We published a blog post a few days ago about two California parents who must pay their deceased daughter's student loan debt because they cosigned on her loans. We also mentioned that these parents and other student loan holders do not have the option of using bankruptcy proceedings to discharge their student loans; however, as one commenter on the blog post deftly pointed out, this was not completely accurate.

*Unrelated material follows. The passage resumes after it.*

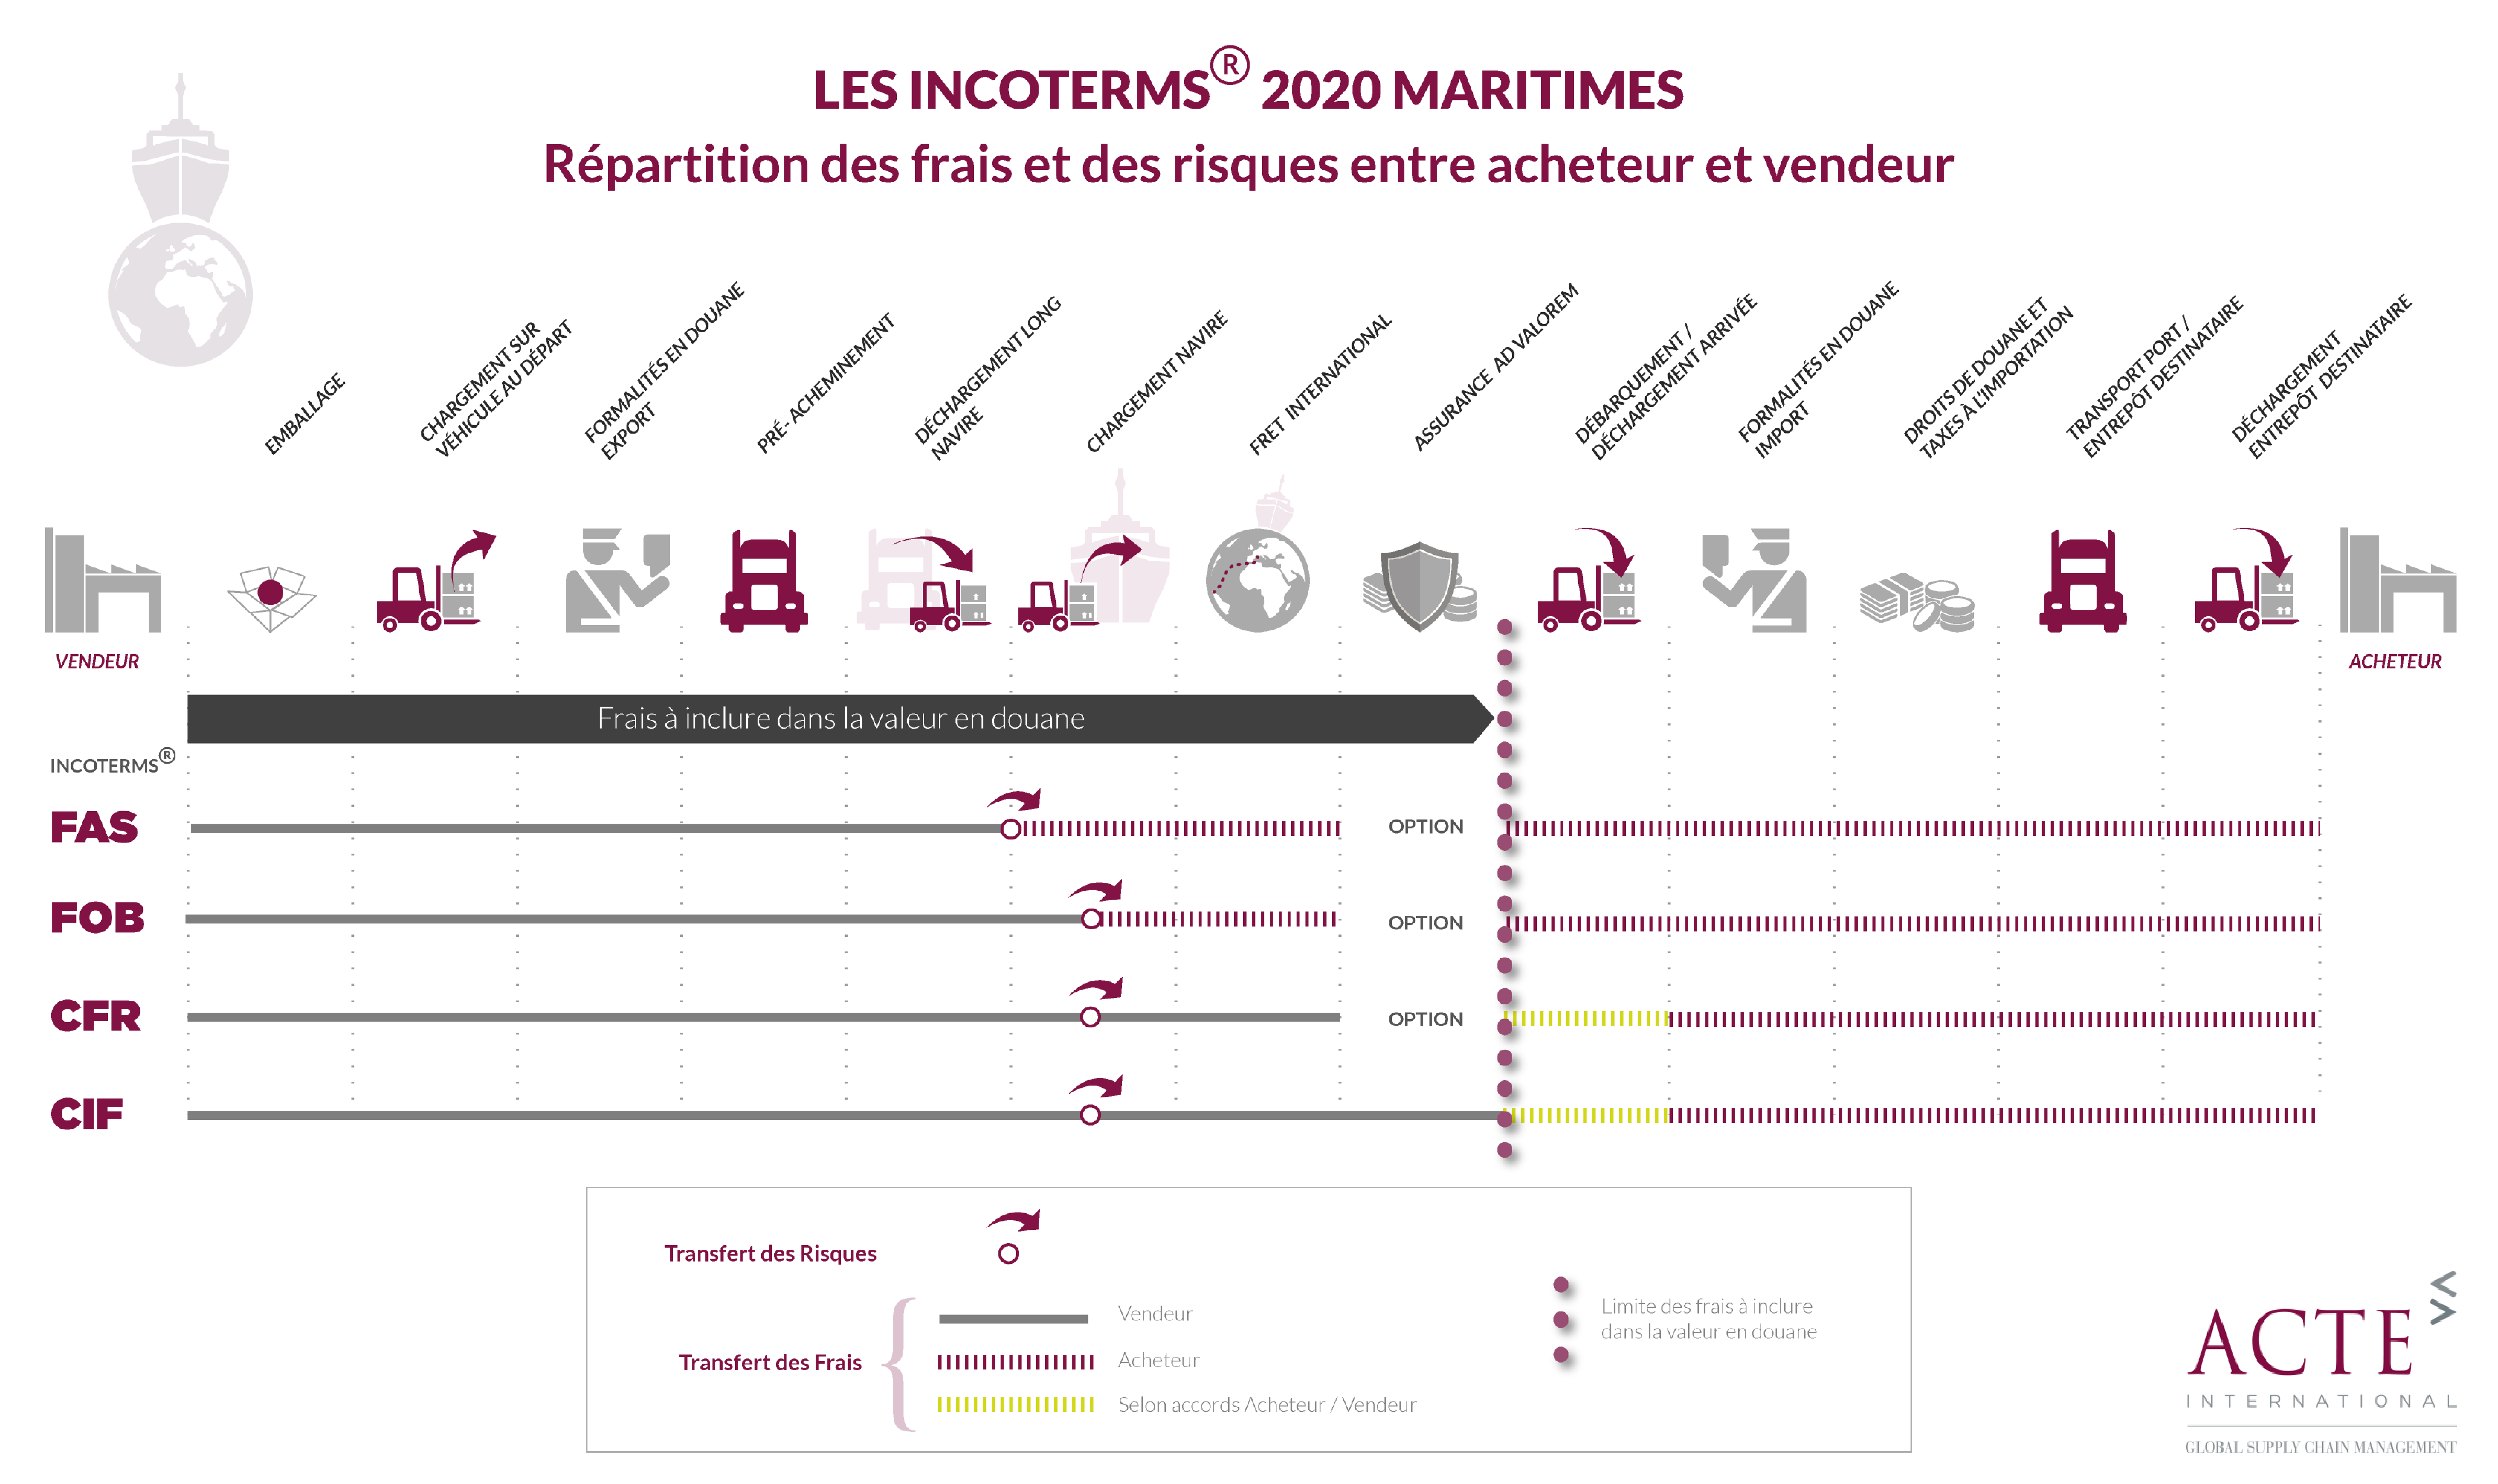 Les Incoterms 2020 maritimes - Répartition des frais et des risques entre acheteurs et vendeurs (infographie)
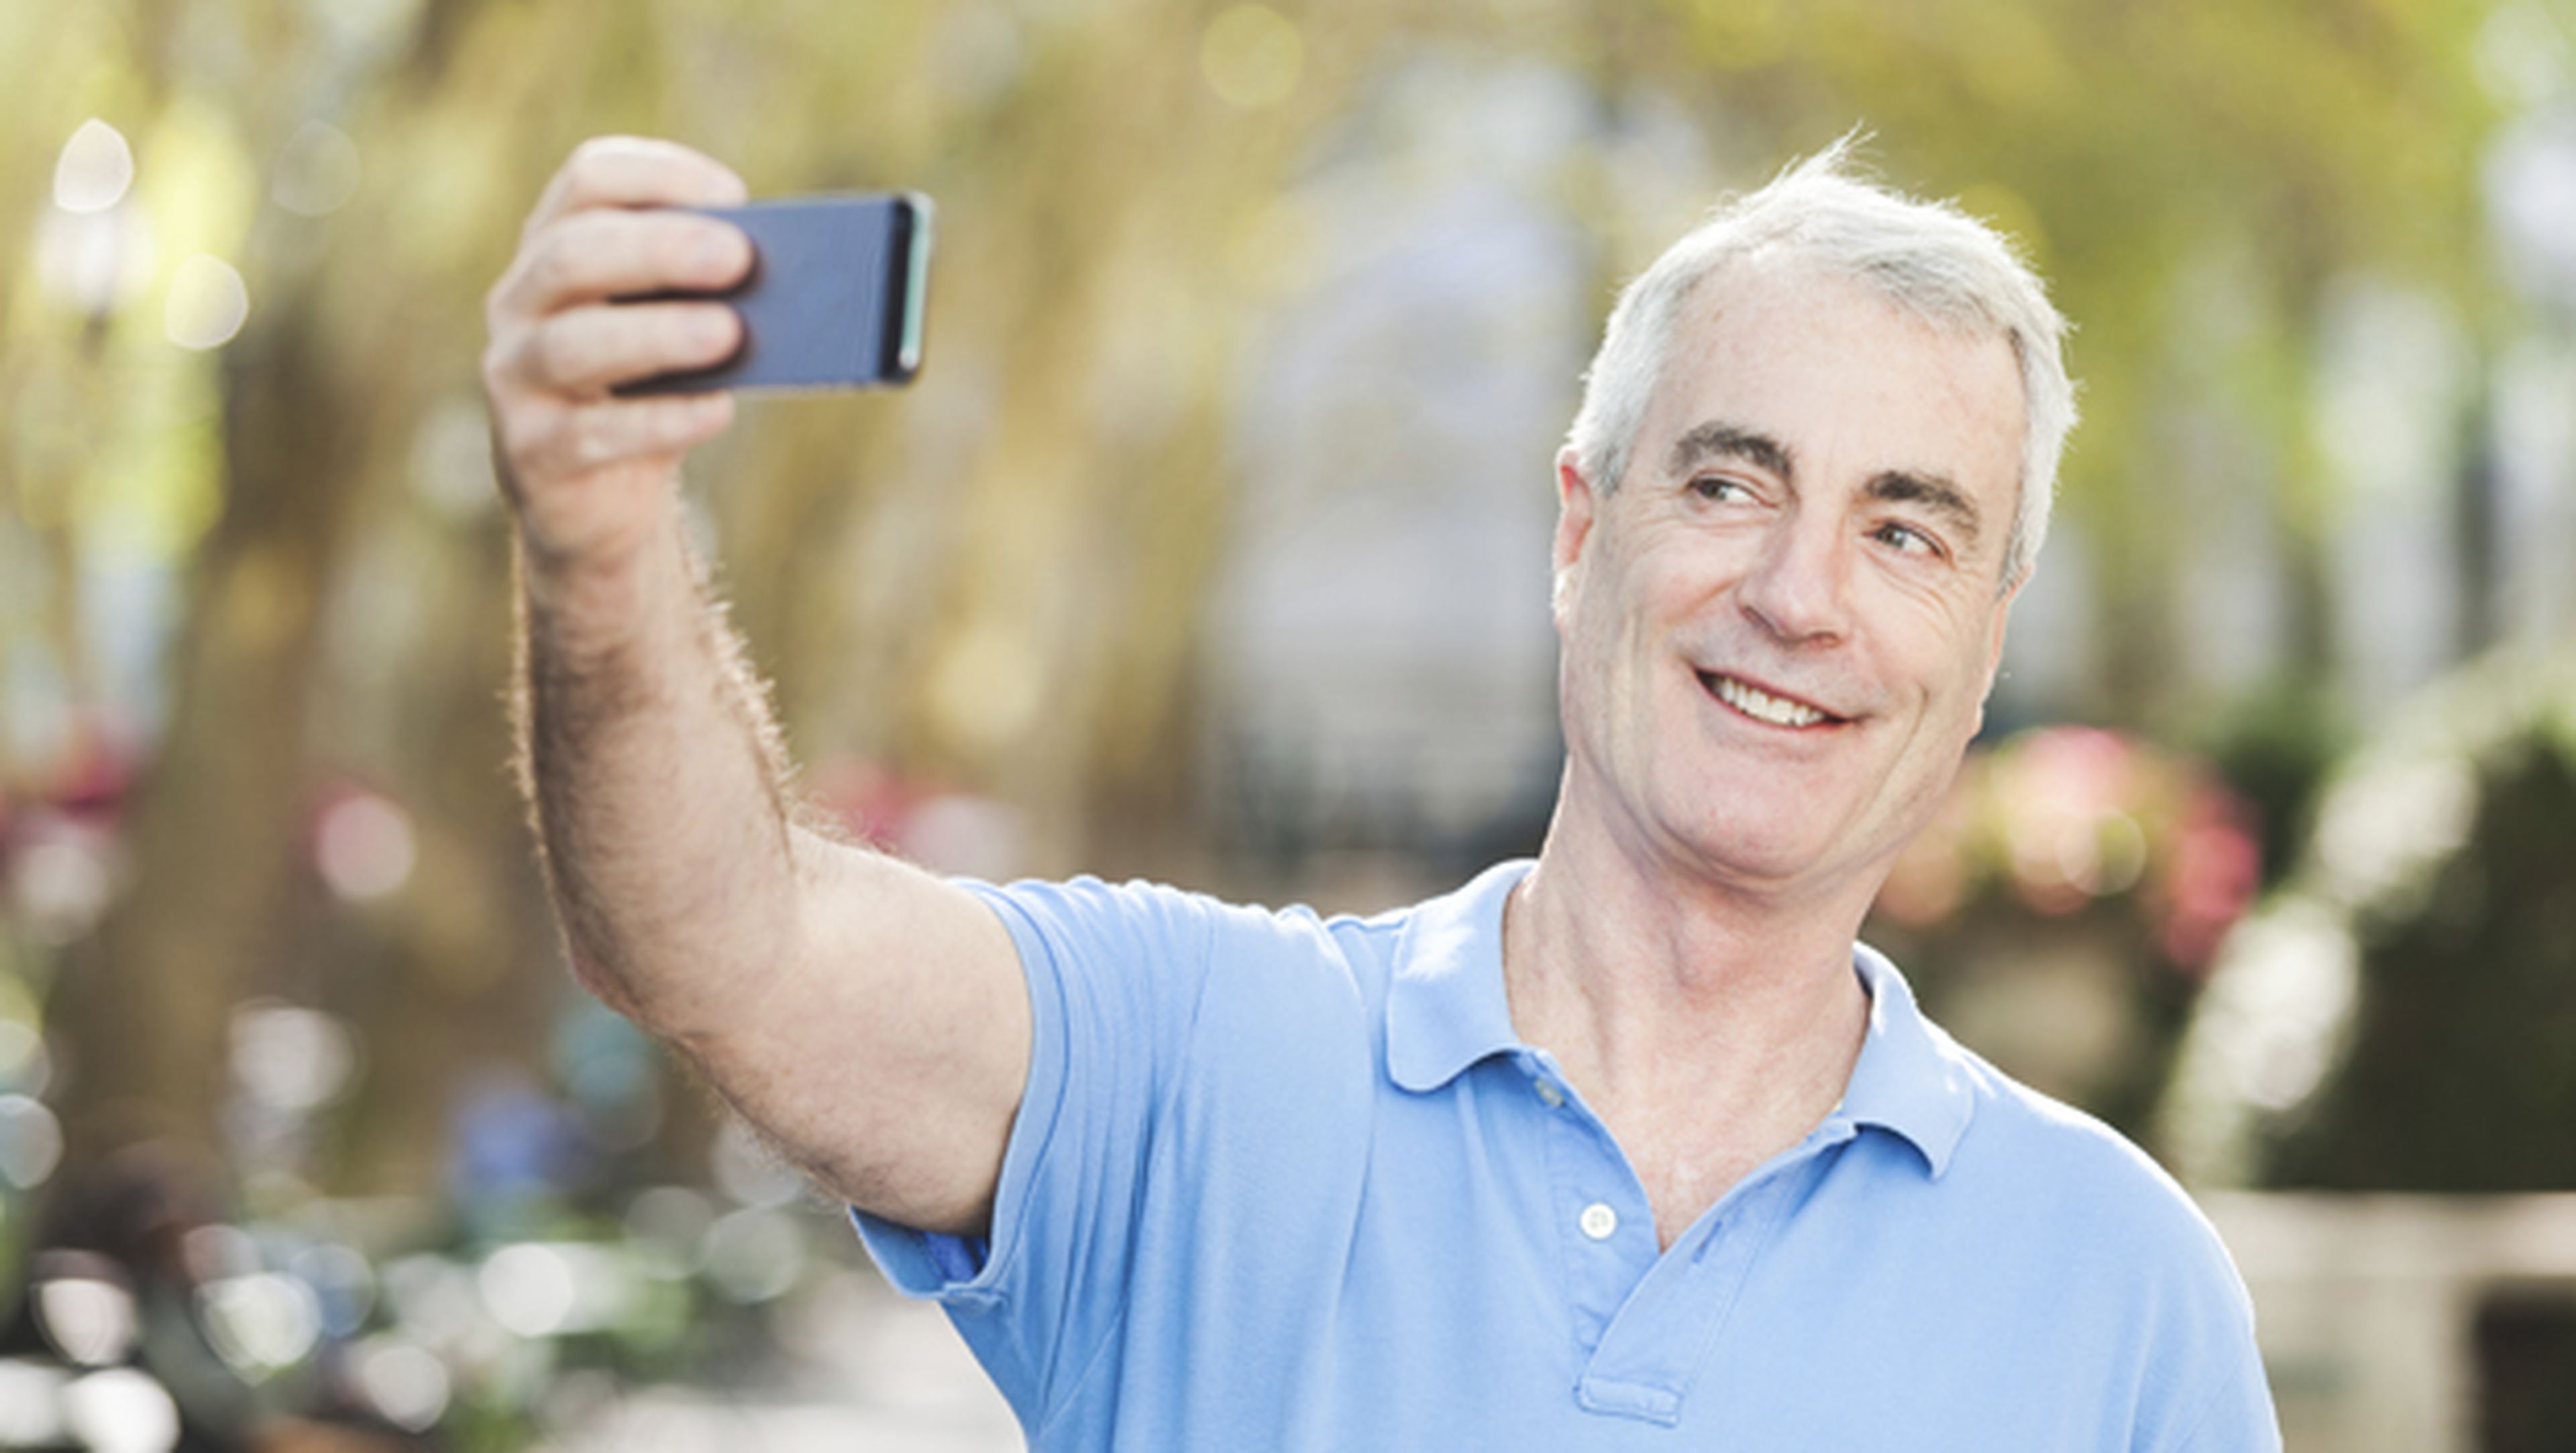 El iPhone podría desbloquearse con un selfie en el futuro

The idea that no circumstance exists where bankruptcy can be used to discharge student loans is a misnomer. A 2011 study reveals that approximately 40 percent of student loan holders who file for bankruptcy can have at least a portion (and in some limited circumstances all) of their student loans dissolved. However, because most believe that they cannot do it, the study points out that only 0.1 percent of people even try.
The Brunner Test
There are several options available and one of them is commonly referred to as the Brunner test. In order to pass the Brunner test and qualify for the dissolution of one's student loans, an individual must pass certain strict qualifications. Also, one's ability to meet these qualifying factors may change from court to court, depending on the view of the judge and court that is deciding the case.
Do You Pass the Brunner Test?
A student loan is technically dischargeable if the student loan is causing an individual to experience undue hardship. "Undue hardship" is left undefined and individual courts can interpret it in different ways. Most courts use the Brunner test to decide if a case qualifies as undue hardship. The Brunner test involves three different criteria:
- The act of repaying one's loans must result in a borrower's inability to maintain a minimum standard of living.
- The borrower's dire financial condition must have a low likelihood of improving in the future.
- The borrower must have displayed a consistent attempt to pay his or her loans in good faith in the past.
It is difficult to predict whether one will be successful in employing Brunner test arguments in court; therefore, it is important to consult with a bankruptcy attorney who is familiar with these proceedings before moving forward with such arguments.